**TASK OBJECTIVE:** Take the lines in the listing below from the line with "HP Care Pack" up to and including the line with "elf coloring pages" and set them down exactly, skipping pictures and adding nothing.

**DATA SHOWN:**
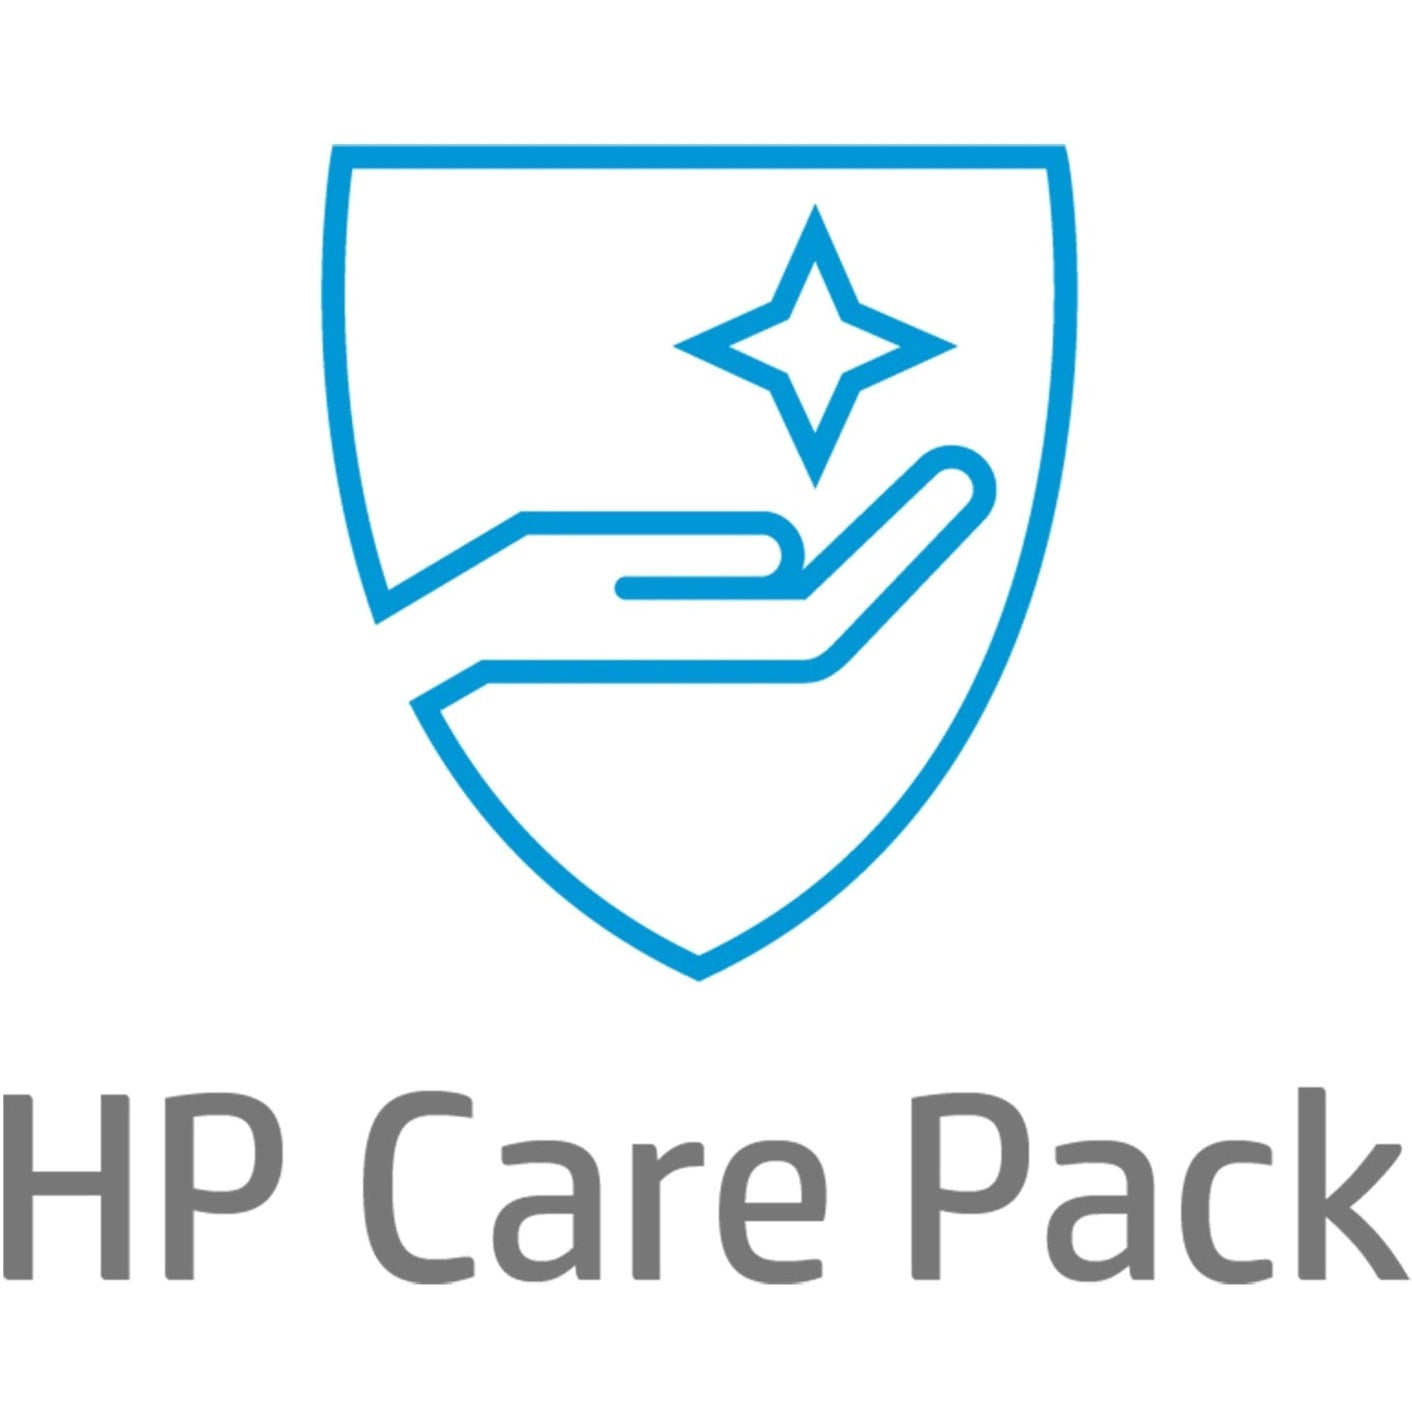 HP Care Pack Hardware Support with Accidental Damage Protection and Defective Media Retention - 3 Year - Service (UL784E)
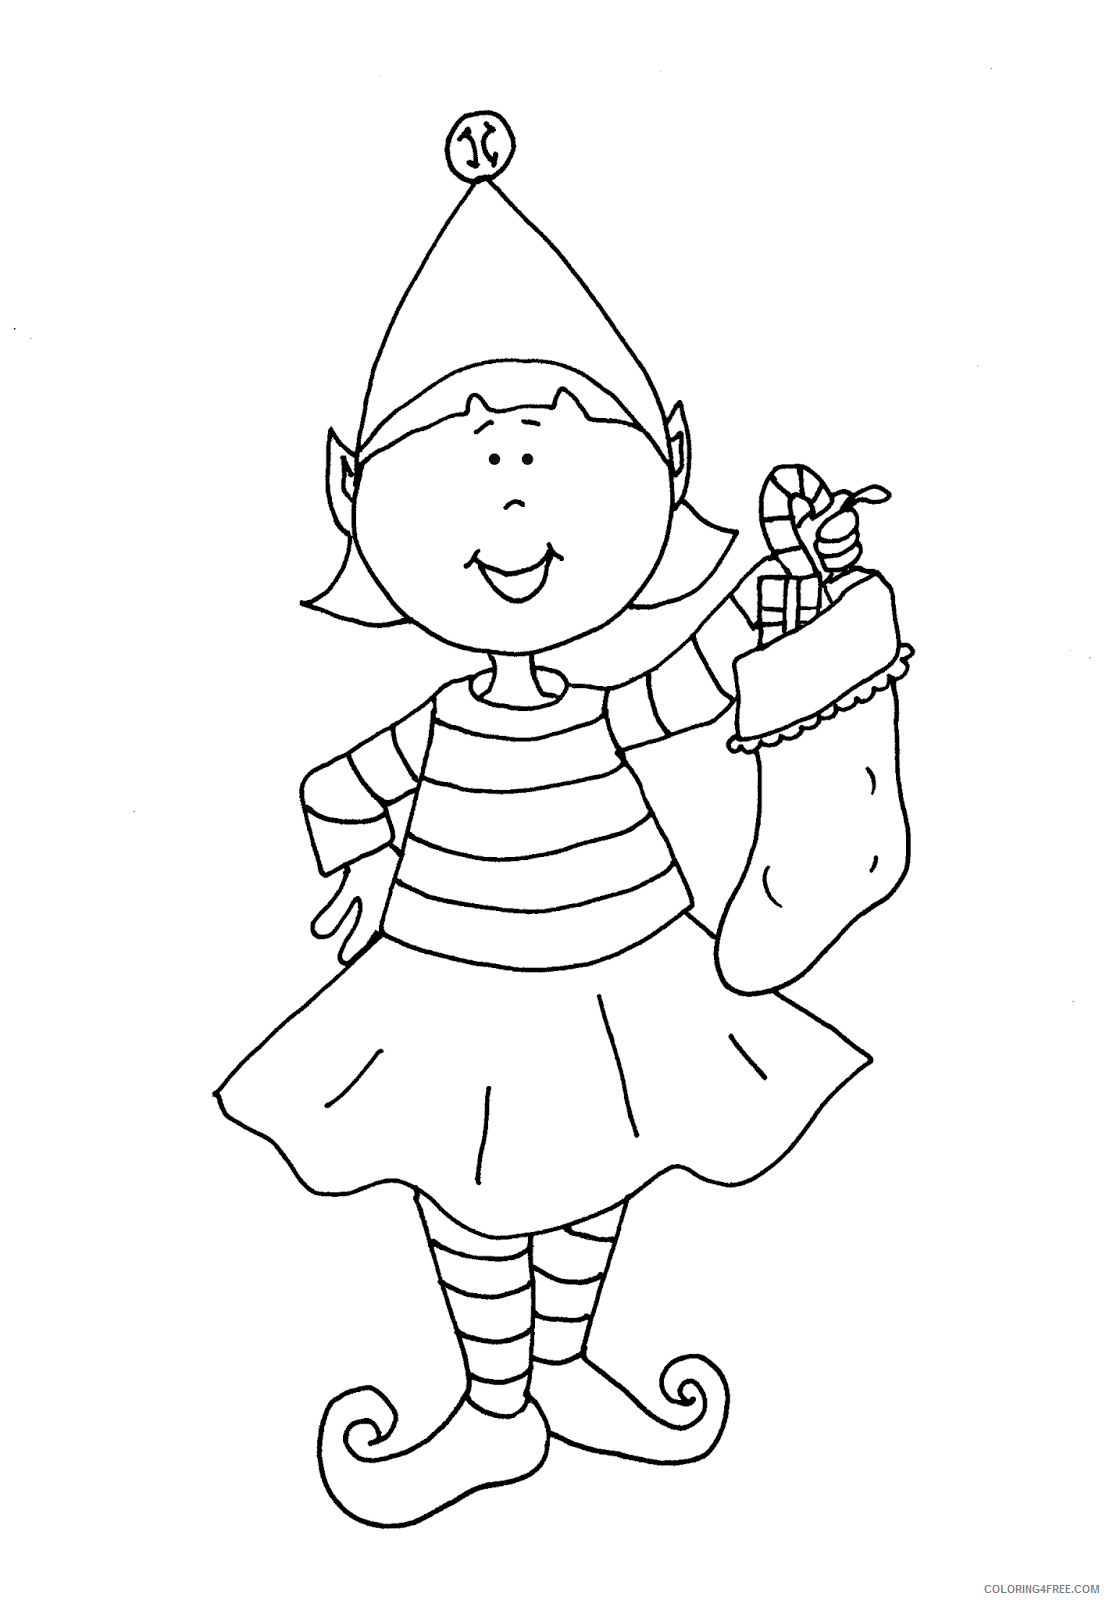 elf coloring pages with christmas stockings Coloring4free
--
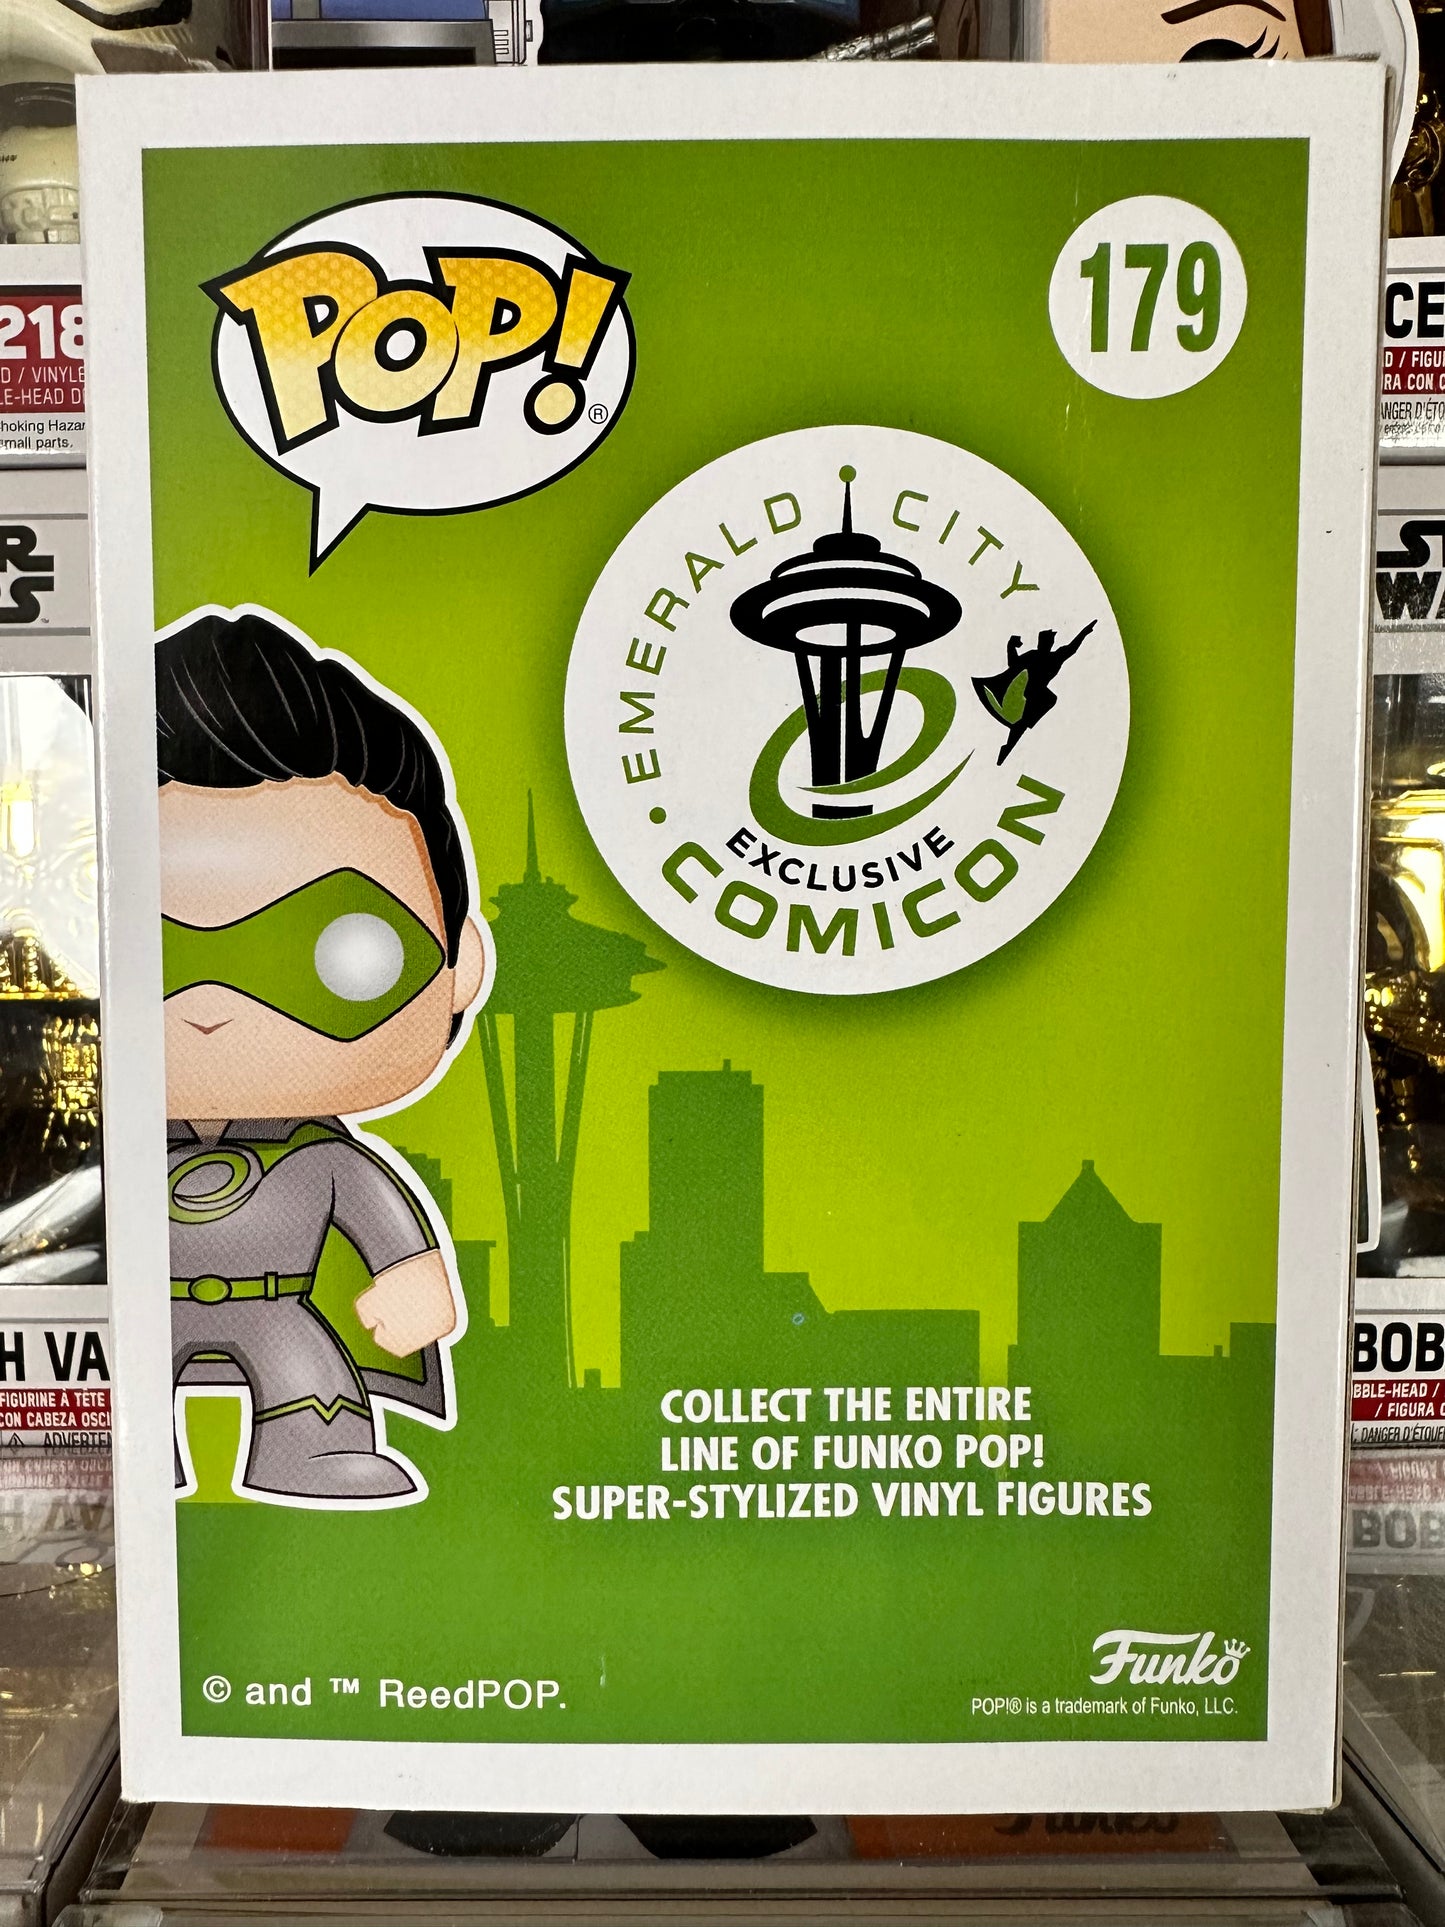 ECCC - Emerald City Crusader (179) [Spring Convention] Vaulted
* * *
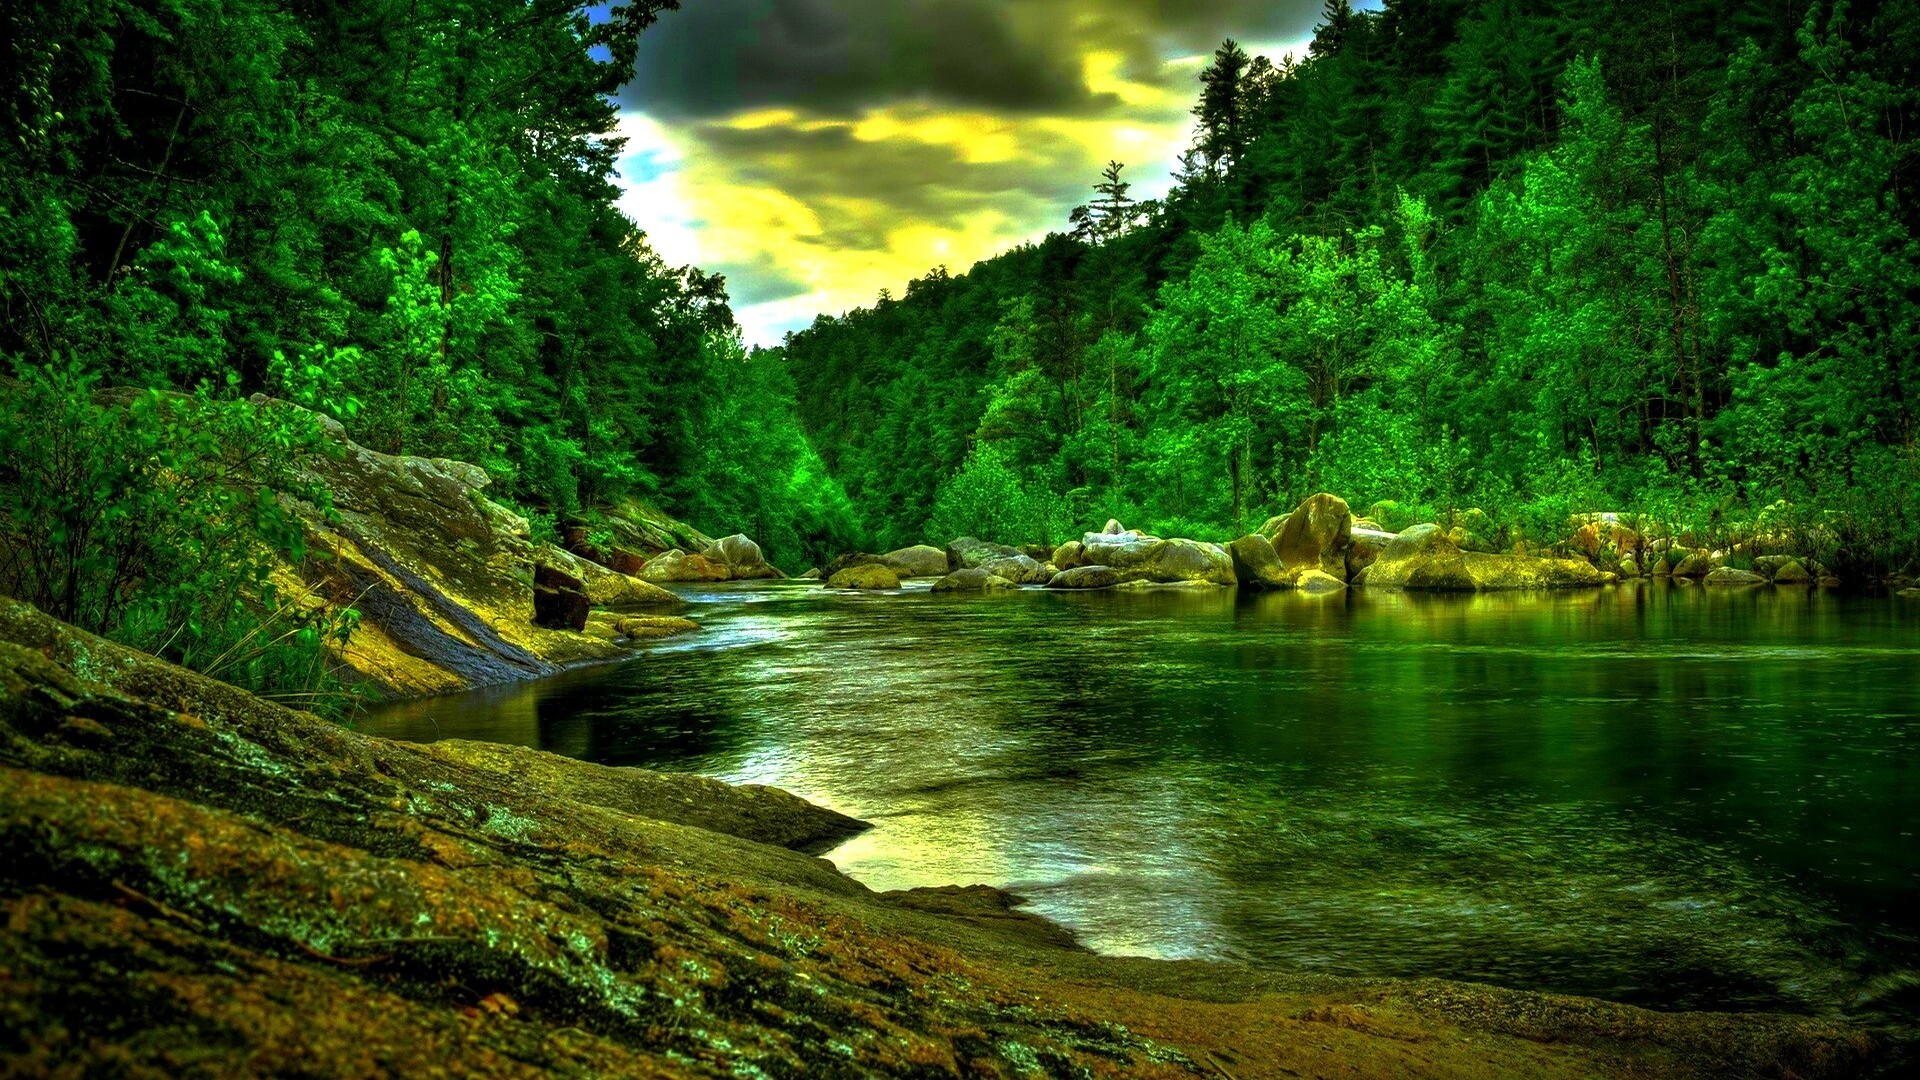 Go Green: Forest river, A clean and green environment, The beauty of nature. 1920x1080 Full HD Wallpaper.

**RESULT:**
 HP Care Pack Hardware Support with Accidental Damage Protection and Defective Media Retention - 3 Year - Service (UL784E)
 elf coloring pages with christmas stockings Coloring4free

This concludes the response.